Without a single break?
‘Don’t we have to sleep some time?’
He speared her with a direct look. ‘Do you really want to make this journey any longer than it has to be? We can pull over and catch some kip along the way. Either in the car or I have a couple of swags.’
Sadie supressed a shudder.
Oh, goody. Maybe they’d find a jolly jumbuck to stuff inside.
She flicked a quick glance towards him.
‘I don’t camp.’
Kent blinked at the way she said camp—as if she’d said prison. ‘What do you mean, you don’t camp?’
‘It’s simple,’ she said, returning her eyes to the road. ‘You don’t fly. I don’t camp.’
Great. Car sick. Didn’t camp. Sadie Bliss was stacking up the black marks against her name and truly pushing his patience. ‘What on earth have you got against sleeping under the stars?’
‘Nothing,’ Sadie assured him. ‘Give me five of them and I’m happy as a pig in mud.’
Kent shook his head. ‘You haven’t lived, city girl.’
‘I guess we’re just going to have to agree to disagree on that one,’ she said sweetly.
Kent’s mouth took on a grim line. ‘I have a feeling there may be a bit of that this trip.’
Sadie did too. ‘So? Where should we stop tonight, do you think?’ she prompted.

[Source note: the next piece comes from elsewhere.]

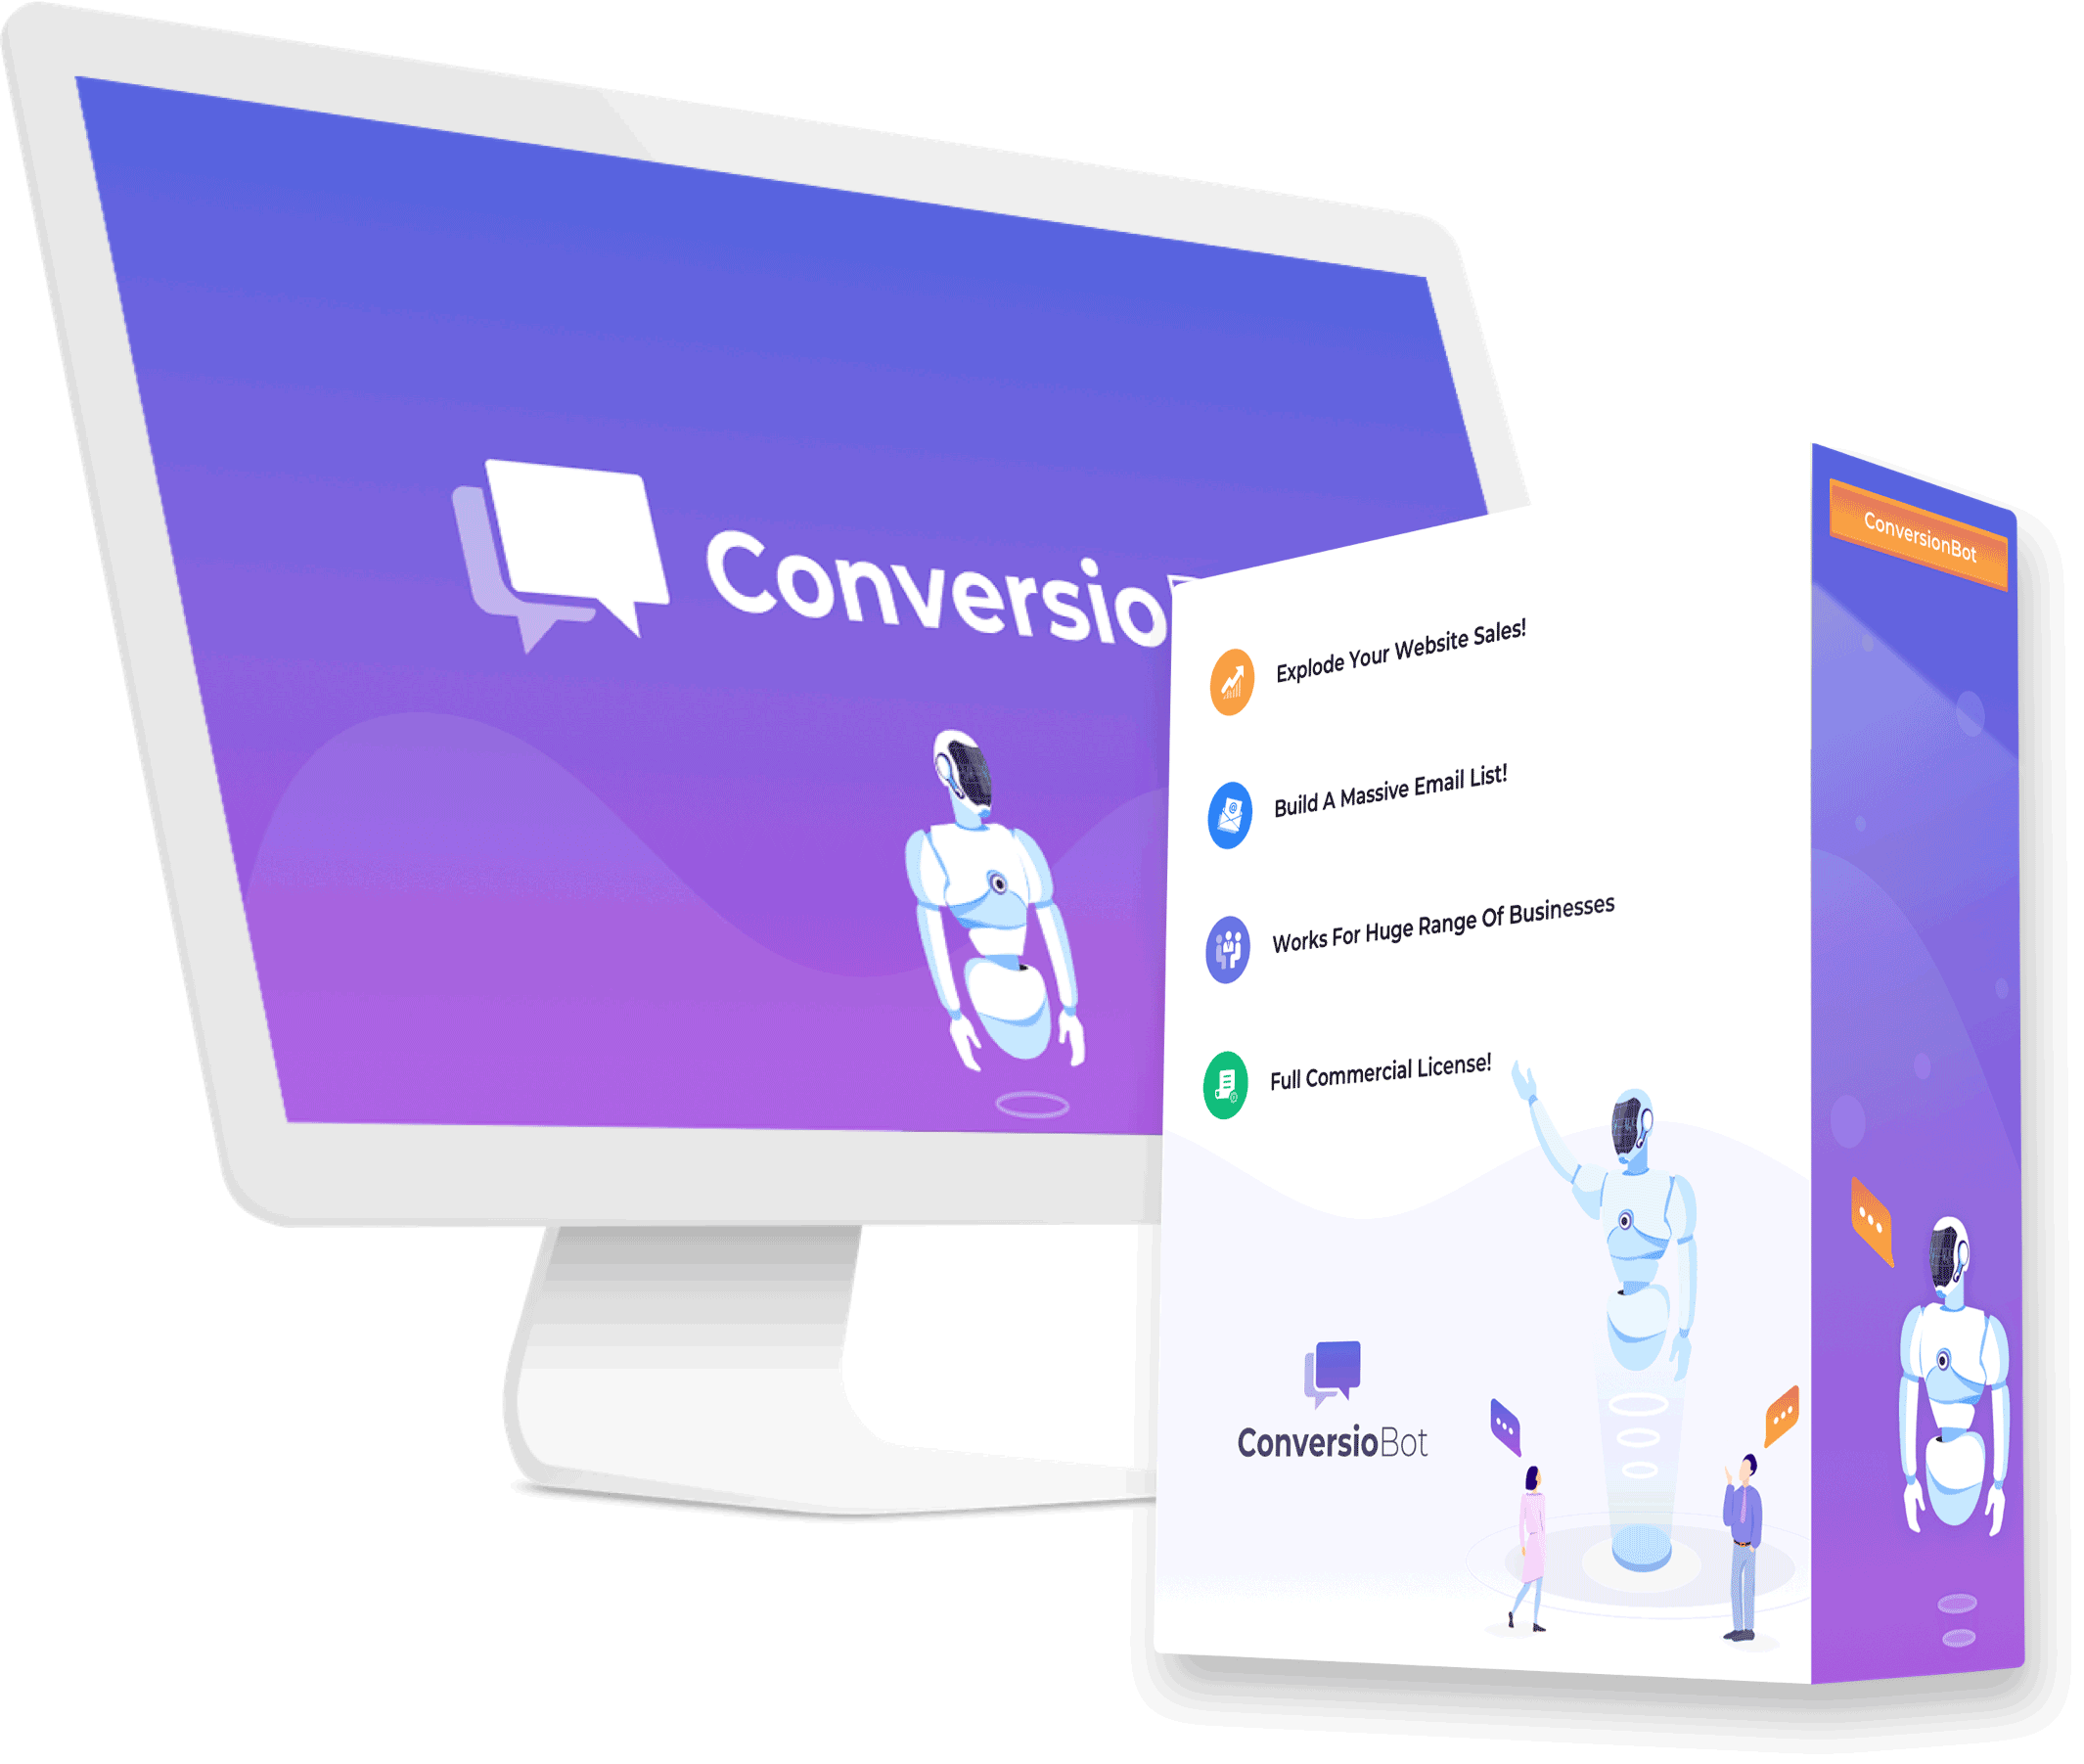 Conversiobot Product

Kent pulled the map out of the glovebox, where Sadie had thrown it in disgust earlier, and did some calculations. ‘It’s about another ten hours to Cunnamulla,’ he said, looking at the digital clock display on the dash. It was just gone nine-thirty. ‘That’ll put us there after seven tonight. It’ll also put us over the Queensland border.’
‘Okay.’ Sadie nodded.
‘Doubt there’s any five-star accommodation there though,’ he mused. ‘We could go another couple hours on to Charleville. It’s twice the size. Still don’t think they run to five star.’

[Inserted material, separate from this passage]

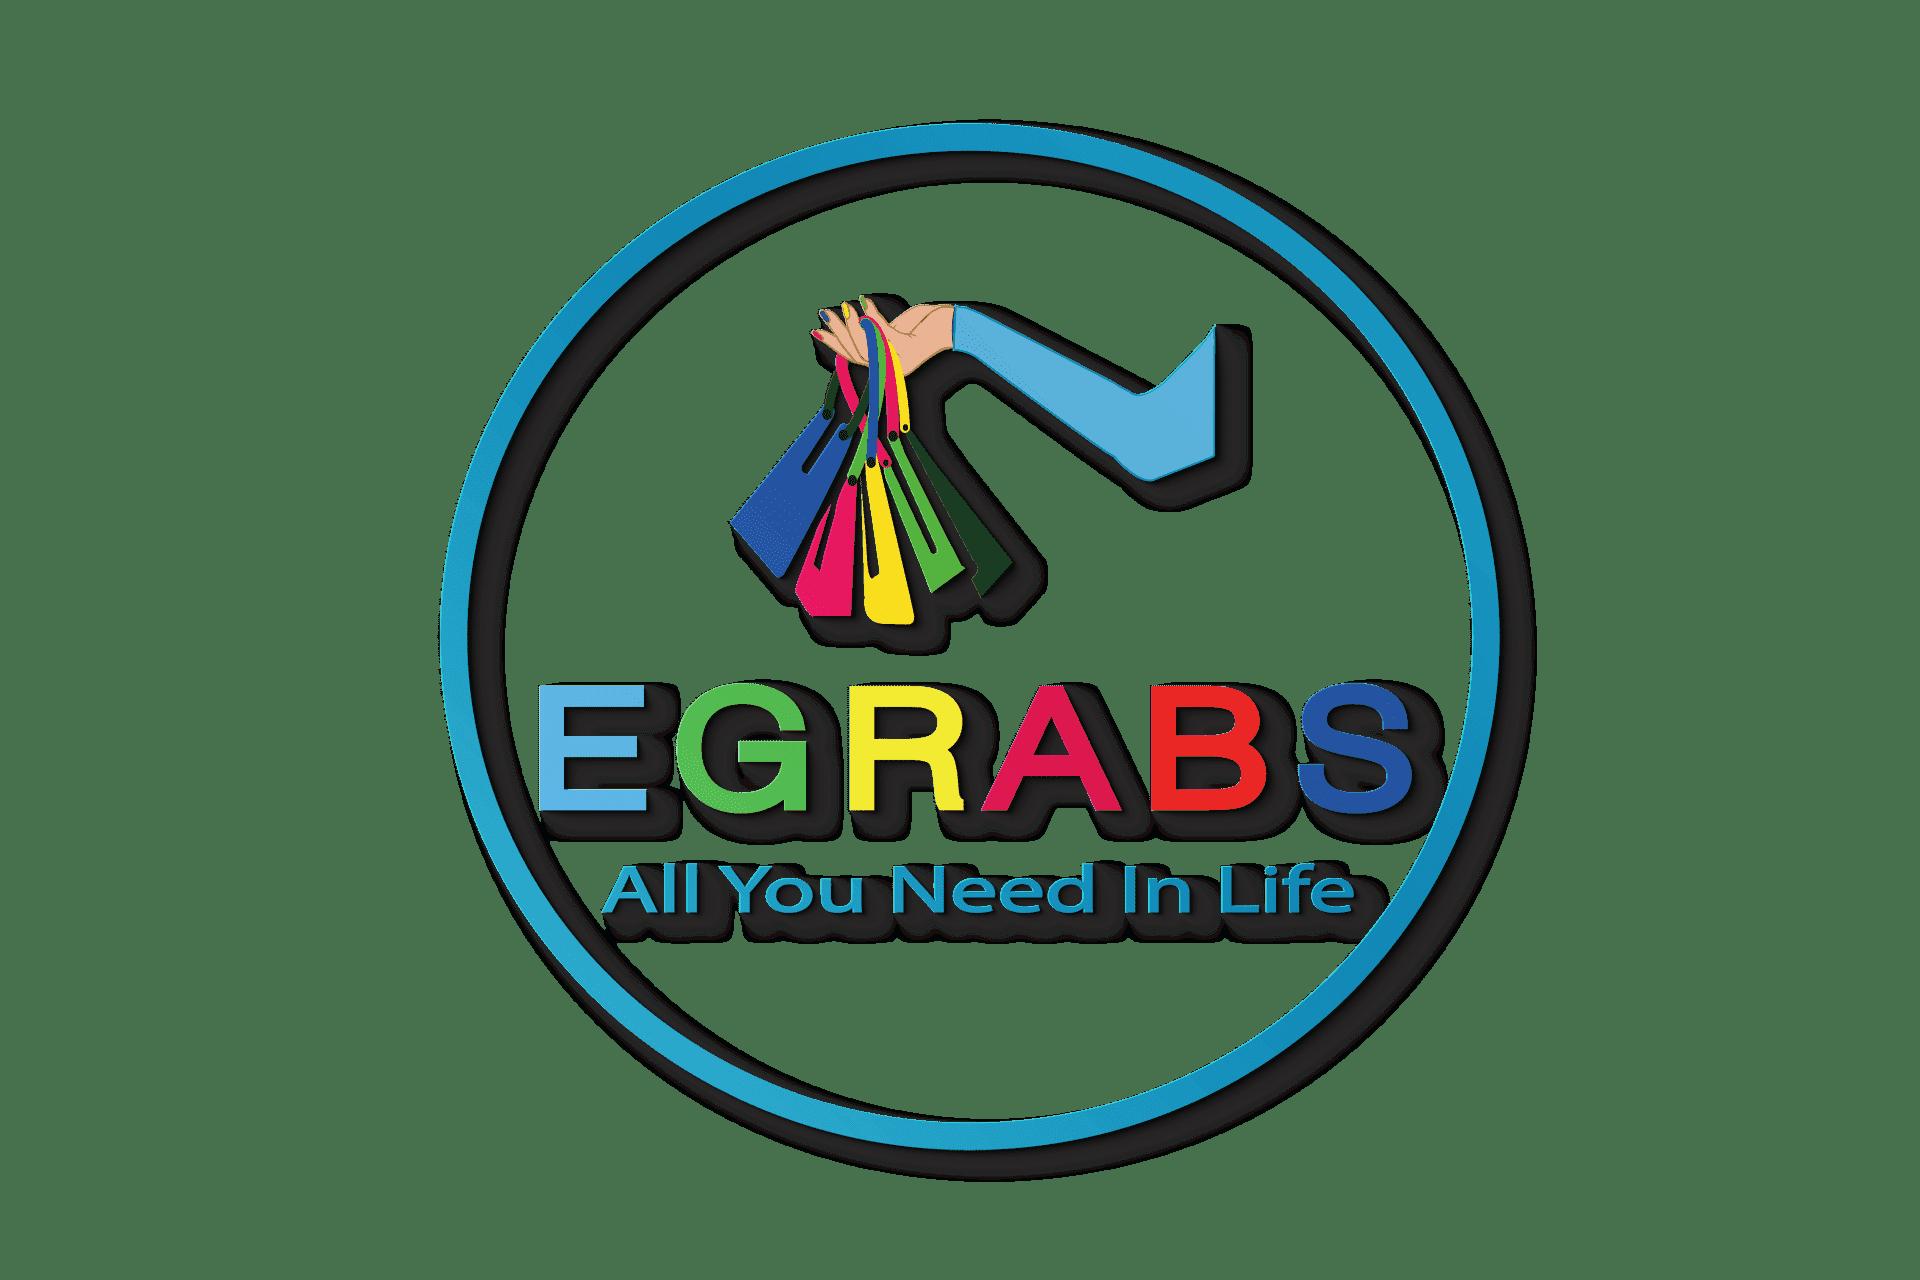 Egrabs skincare

Sadie shot him a sarcastic smile. ‘Thanks, I’ll settle for a shower, a flushing toilet and a bed.’
‘Cunnamulla it is.’
With that sorted, silence reigned as they wended their way through the beautiful Blue Mountains, and down the other side of the Great Dividing Range. Kent went back to his camera bag, soothed by the familiarity of the routine. It had been a while since he’d lugged this stuff around, lived with it every day, and it was comforting to know it still felt good.
He occasionally shot a glance Sadie’s way. He had to admit, after her initial misgivings she was handling the vehicle with great competence. He’d been afraid she was going to whine about the heavy steering or the engine noise or the lack of a stereo system all the way to Borroloola, but she’d got on with the job with no complaints.
No chatter whatsoever.
His kind of travelling companion.
Until it all went to hell two minutes later.
‘So are we going to sit in silence or are we going to get to know each other?’ she asked.
Now she was out of the worst of the windy roads Sadie was free to concentrate on other things. And it had occurred to her that she was sitting next to a man who was pretty hot property, especially since he’d gone underground. How far would a feature on
the
Kent Nelson get her career? If she had to spend days on end in a car with his particular brand of he-man, she might as well get something for it.
And truly, the way he kept breaking down that camera and reassembling it, as if it were a gun, was slightly unnerving.
Kent sighed. He should have known it was too good to be true. ‘Silence is golden.’
Sadie quirked an eyebrow at his terse reply. ‘Silence is loud.’
He clicked a lens in place, then looked at her. ‘Listen to me, Sadie Bliss. Let’s not pretend that either of us is too thrilled by being stuck in this car together. I know women feel the need to chat and fill up all the empty spaces, but I’m okay with the empty spaces.’ It sure as hell beat the crowding in his head. ‘I like the empty spaces.’